"Zooming In"


Reflections from teaching. With my private studio, I find that I end up teaching a similar topic all week. It's kind of ironic that all my students would need to focus on the same basic thing, or maybe it's just that I get focused in on that topic from one student and it permeates to the rest of them! This past week, it was "Zooming In" on the issues.


There are many times when we're practicing music were we get to a part of the piece that we an't quite play perfectly yet. My students have had one of two reactions to this: stopping and going back to the beginning or just passing by it all together. The students that stop and go back to the beginning seem to think that they'll get it the next time, "I never make that mistake at home." While they ones that go on seem to think that the problem will just fix itself if I move past it. However, both of these share the same result, the problem never gets fixed!


What I've encouraged my students to do is to "Zoom In" on the problem area. If it's the entire measure, isolate it and slow it down. I usually tell them to half tempo.

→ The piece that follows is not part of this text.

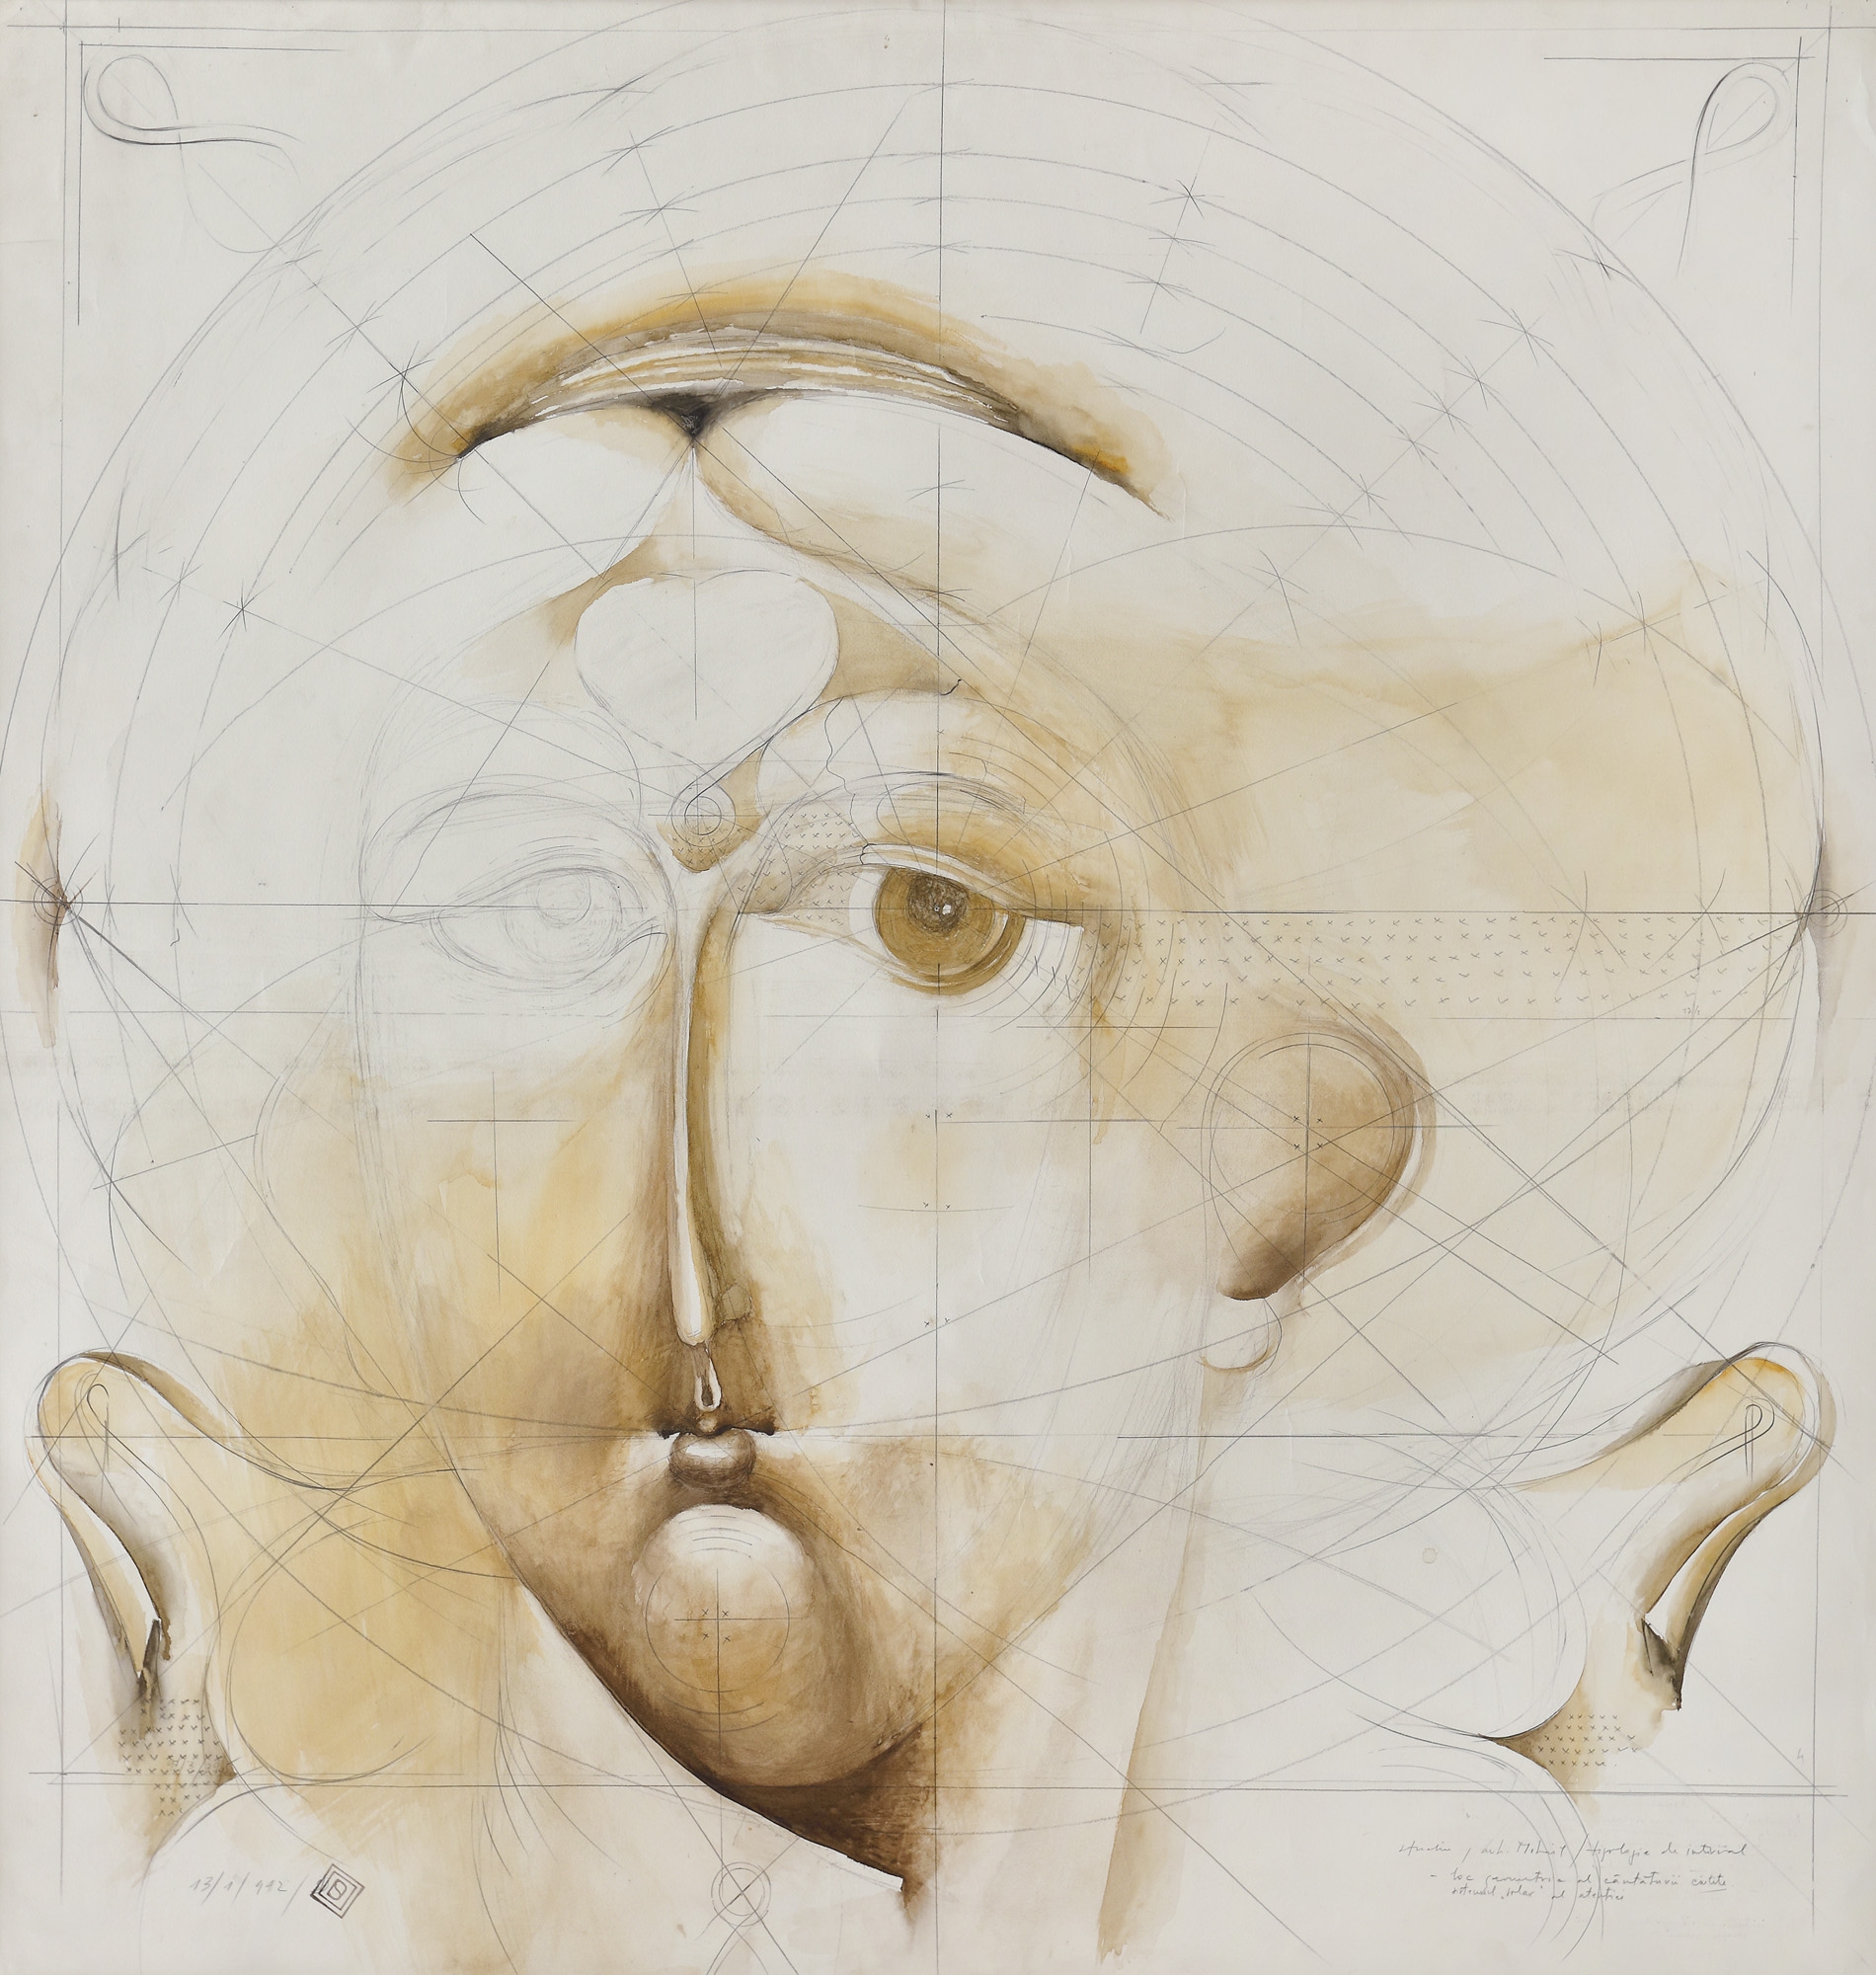 Artwork by Sorin Dumitrescu, Study for Archangel Michael, Made of watercolour and pencil on paper
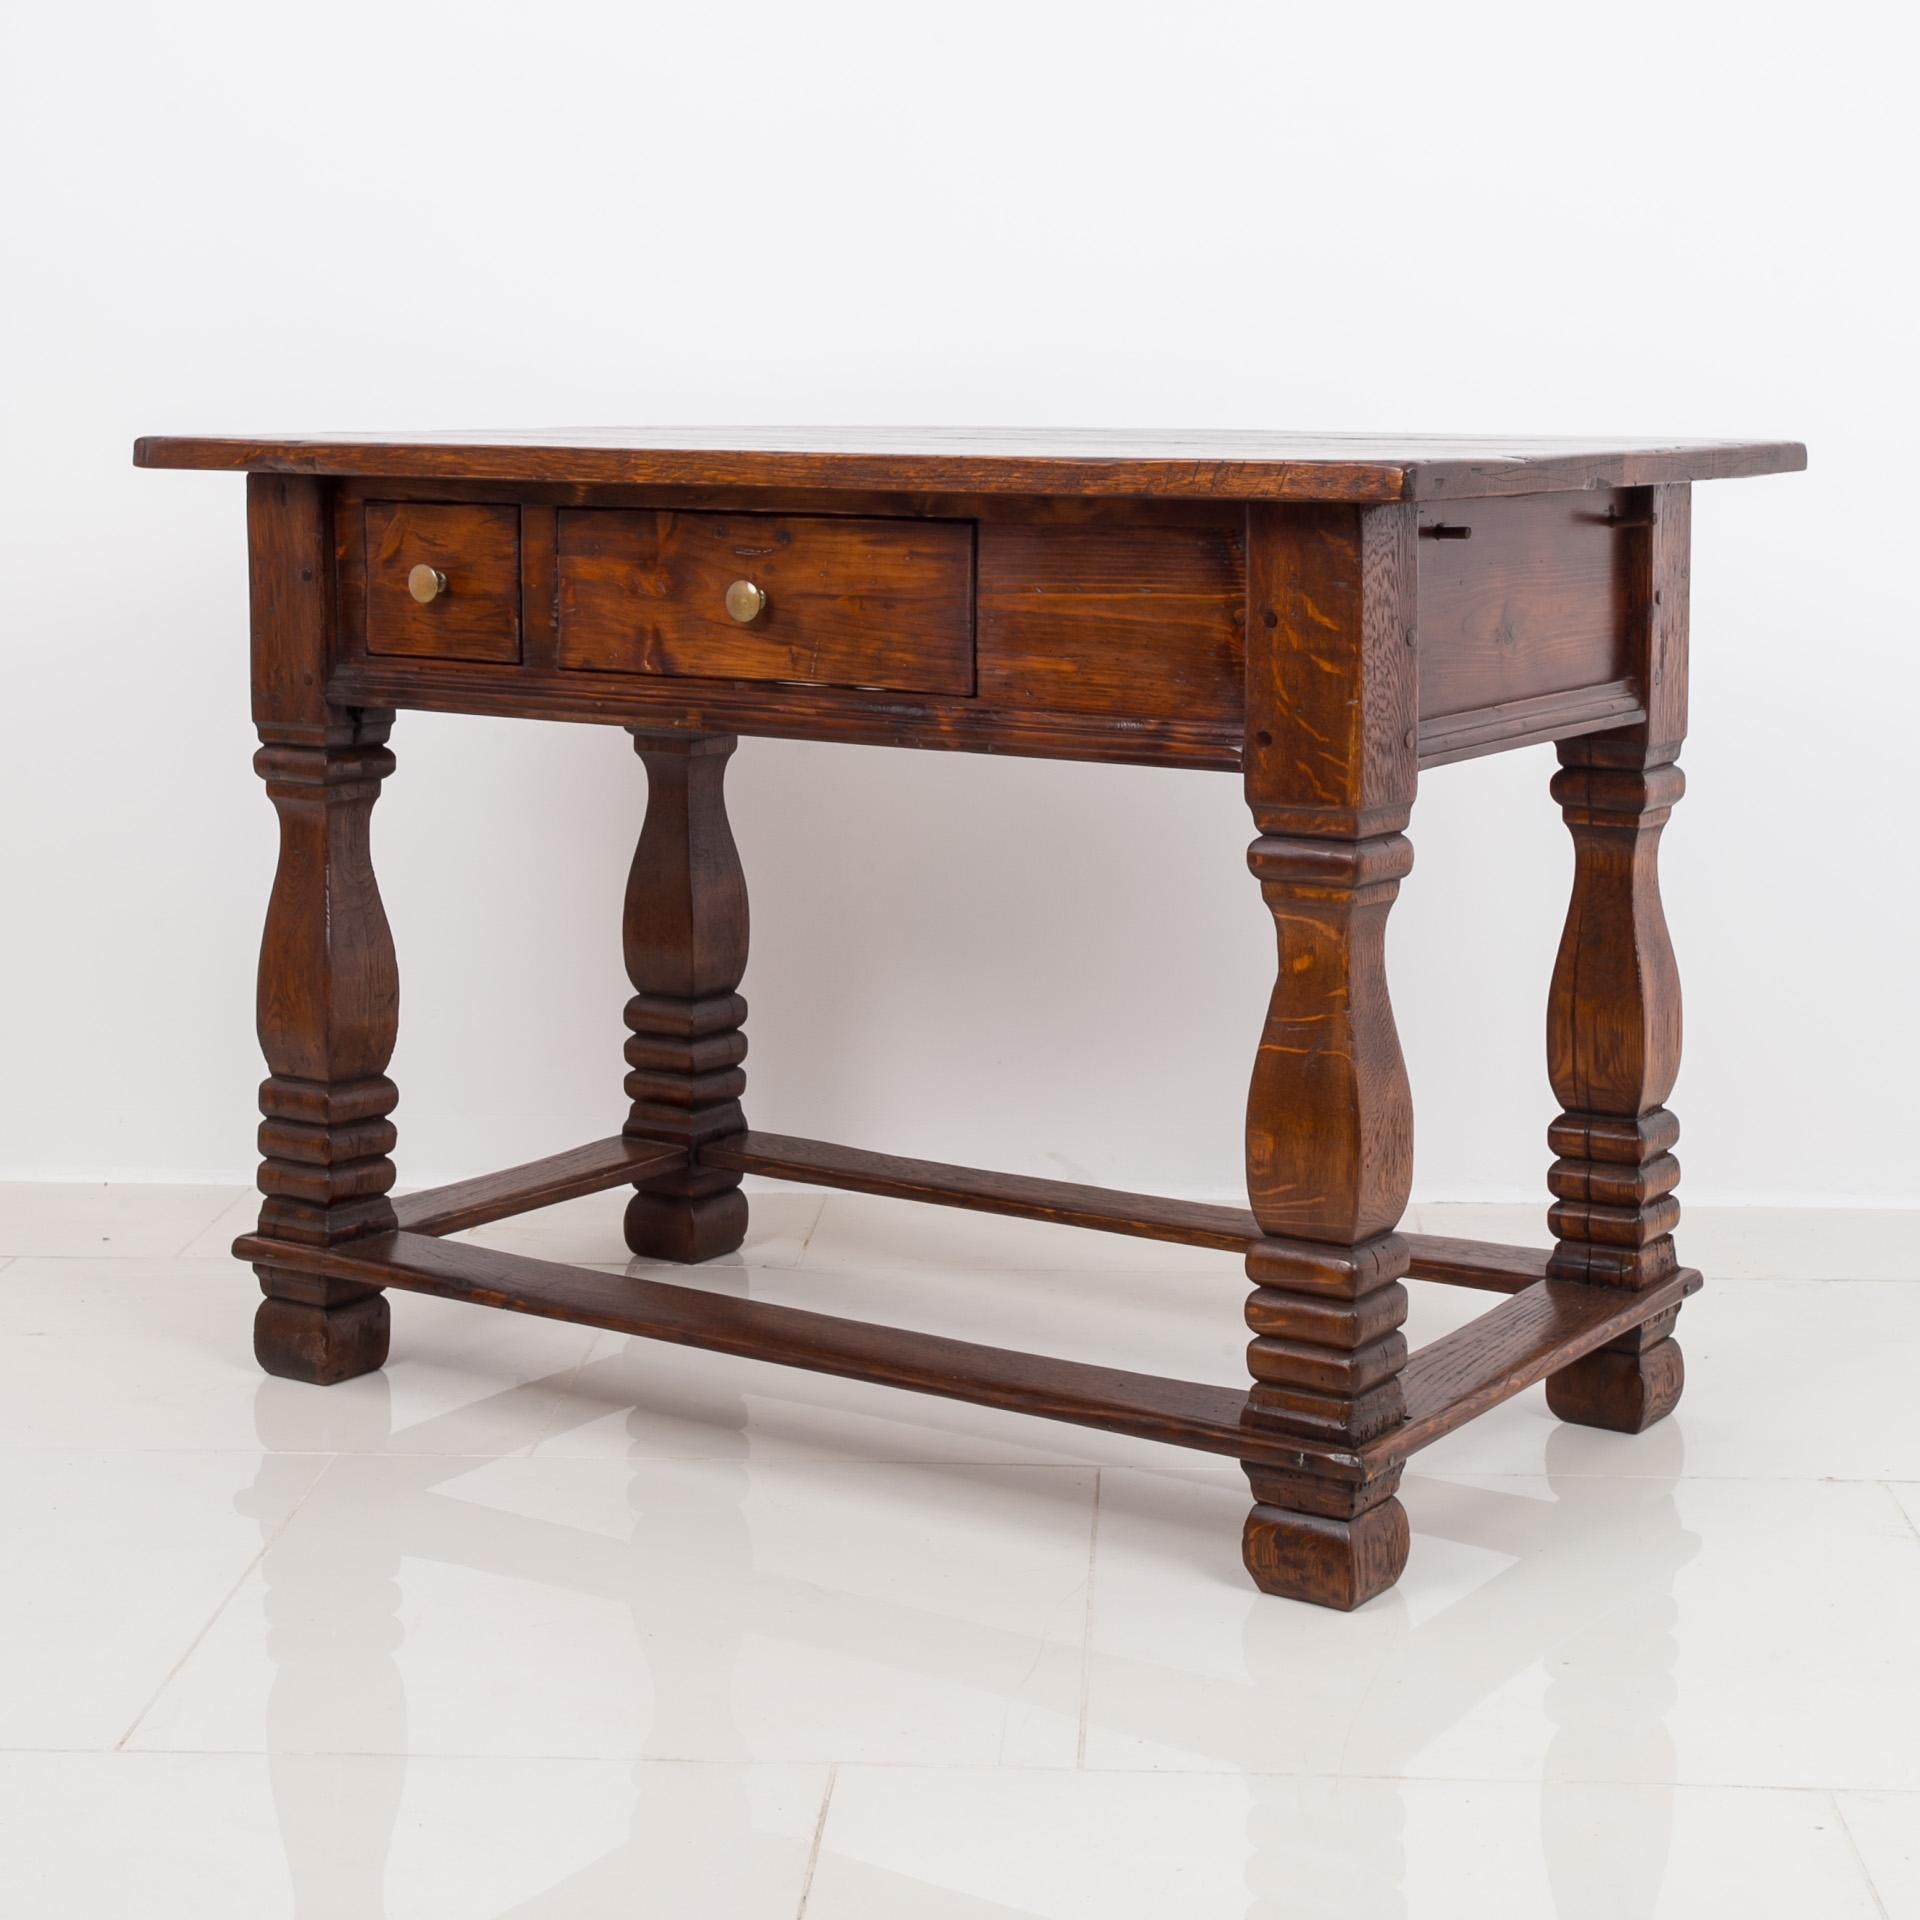 Solid Oak Table, 18th / 19th Century, Rustic Style, Prep or Dining Table In Good Condition In Wrocław, Poland

This sometimes is followed by note grouping as well; that is, grouping the notes in a manner that isn't the way the rhythm requires the music to be beamed.


For Example, a student was working on the following excerpt from the David Hite Melodious and Progressive Studies for clarinet. She was going along fine, until this section of music where she encountered accidentals. She struggled through these last two measures, and then after that, she was fine again. We tried slowing the music down, but that alone wasn't the solution. We "Zoomed In" to figure out which notes really belonged together. We came up with the solution marked in red.

Note Grouping Example

After, we played the section, 3 notes at a time, using the marked red lines. After that, I had her play it normally, but still thinking about this note grouping. She played it almost flawlessly, and the next time, it was perfect. After she "Zoomed In" on the problem, she was able to zoom out to see the bigger picture.


This is a method that I use in my own practice, and it helped me with a few auditions, recitals and other concerts. So, if you find yourself in a bind with some music, try "Zooming In" to see the finer details!